### [TASK BRIEF]
Go to the line below containing "Alternate Image 1" and print exactly from there through the line containing "Browse Christmas Sweets", both included. Print nothing else.

### [EXTRACTED MATERIAL]
..........
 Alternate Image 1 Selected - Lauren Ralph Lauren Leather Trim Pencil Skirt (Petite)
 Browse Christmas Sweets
..........
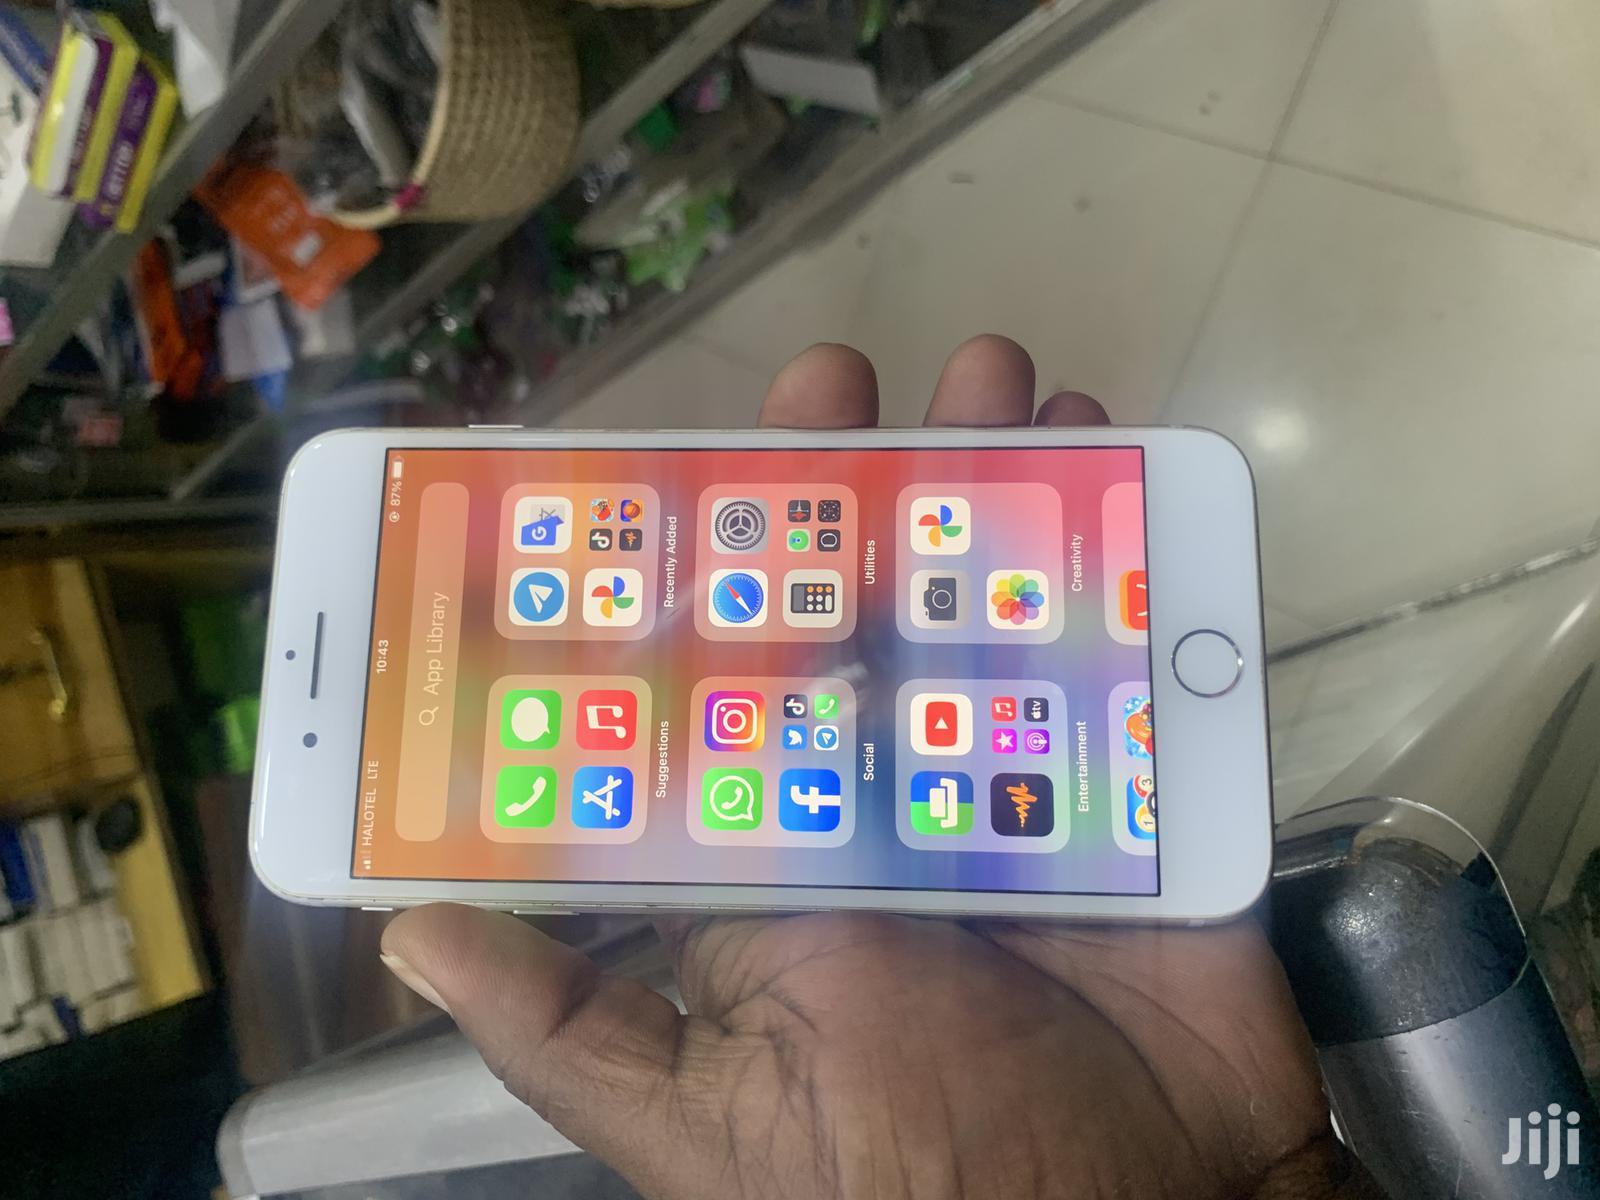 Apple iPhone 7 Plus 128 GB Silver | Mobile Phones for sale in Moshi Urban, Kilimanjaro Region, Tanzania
..........
### [OUTPUT FOR THIS TASK]
 Alternate Image 1 Selected - Lauren Ralph Lauren Leather Trim Pencil Skirt (Petite)
 Browse Christmas Sweets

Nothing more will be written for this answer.